• Instructions for the task:
Leave out the pictures, and print exactly the lines from the one holding "Une belle, grande" through the last line of the material.

• Dataset extract:
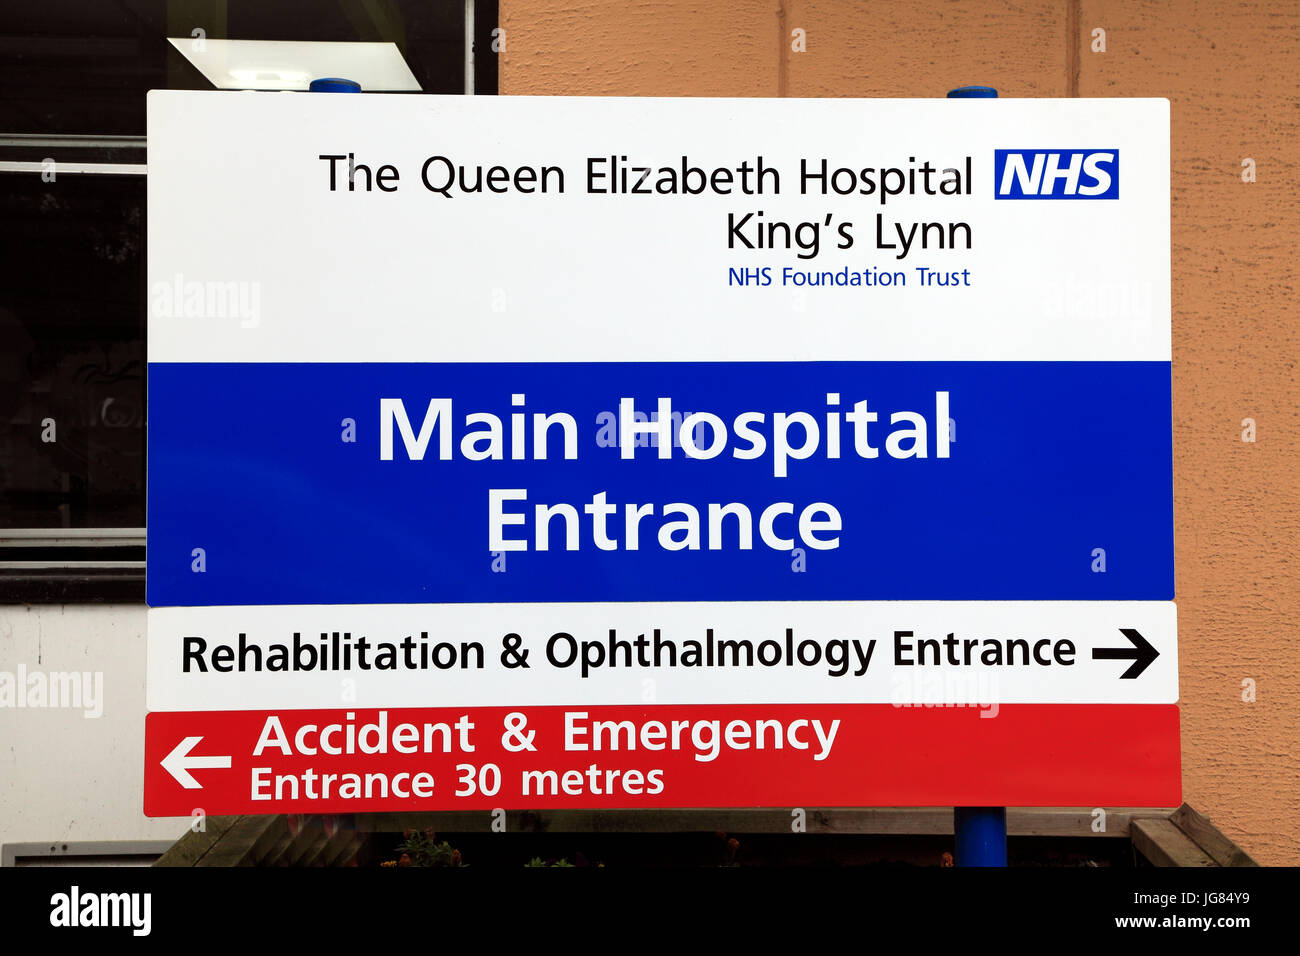 Krankenhaus der Königin-Elizabeth, Kings Lynn, Haupteingang Zeichen, Norfolk, England, Vereinigtes Königreich, englischen NHS Krankenhäuser Stockfoto
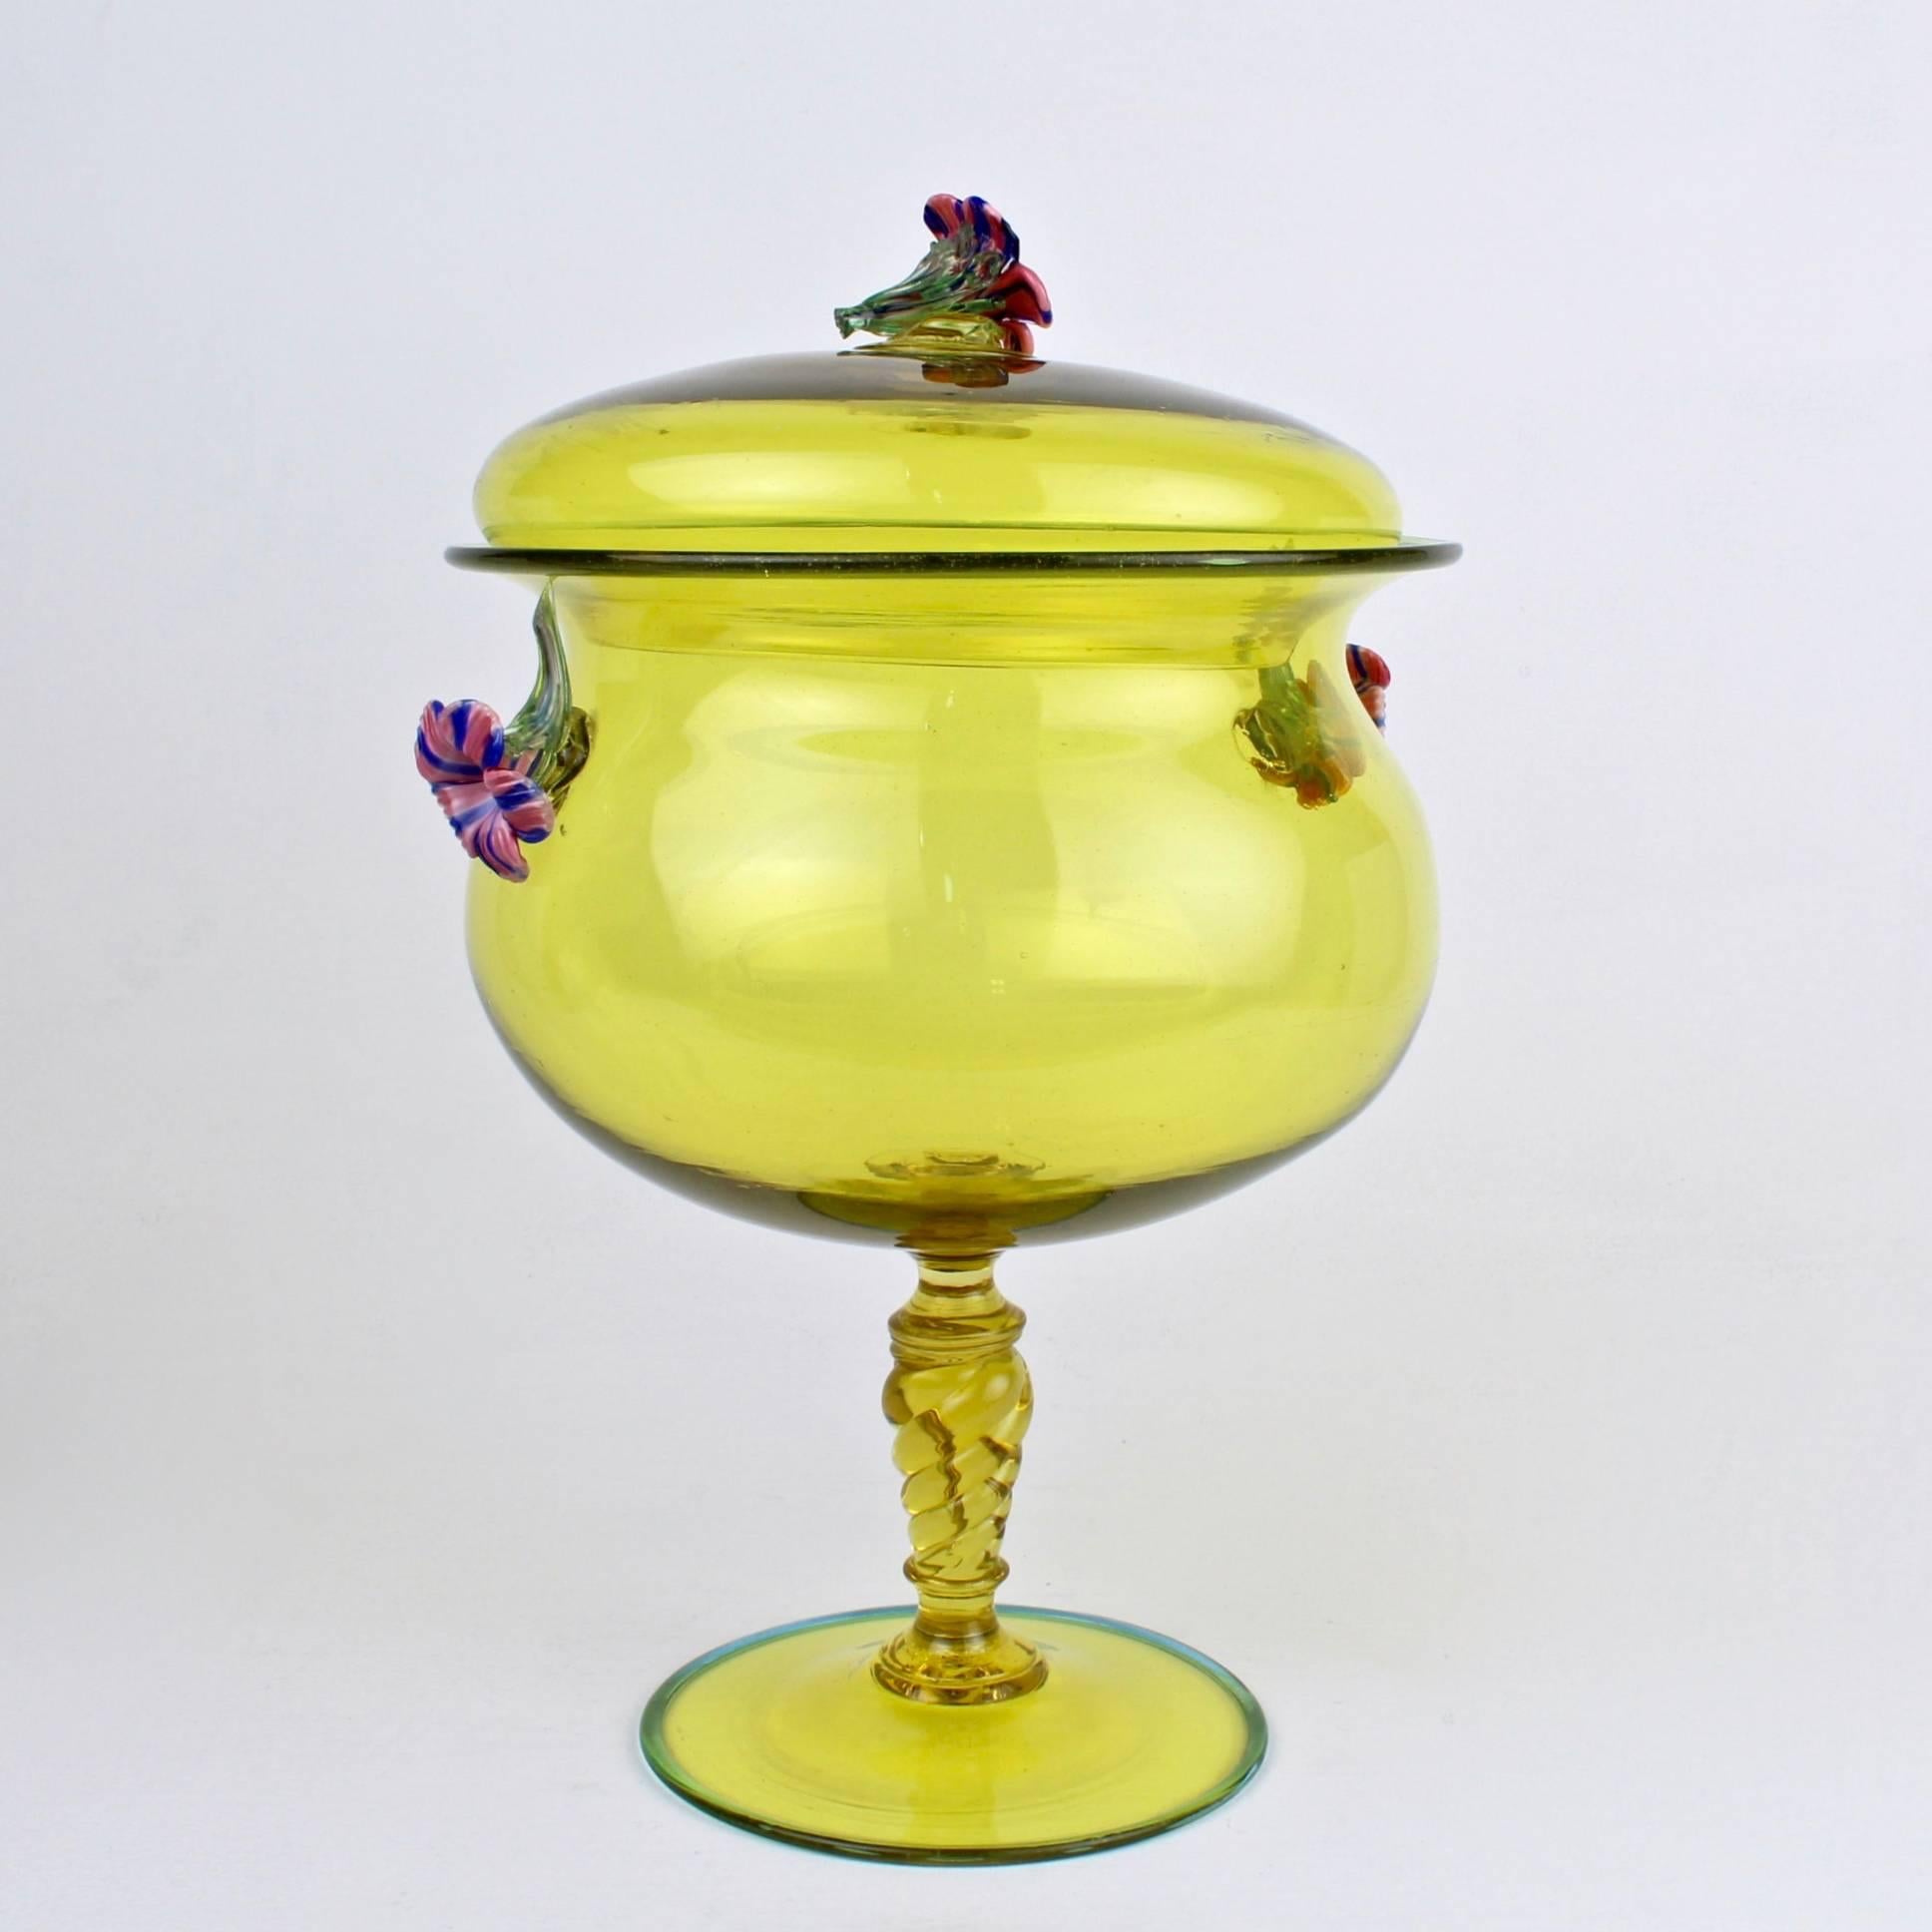 Une belle, grande et complexe compote couverte de verre vénitien en jaune canari. 

La compote présente un fleuron figuré rose et bleu appliqué et des poignées en forme de trompette de fleurs. Le couvercle repose sur une urne provenant d'une coupe

• Result for this exercise:
 Une belle, grande et complexe compote couverte de verre vénitien en jaune canari. 

La compote présente un fleuron figuré rose et bleu appliqué et des poignées en forme de trompette de fleurs. Le couvercle repose sur une urne provenant d'une coupe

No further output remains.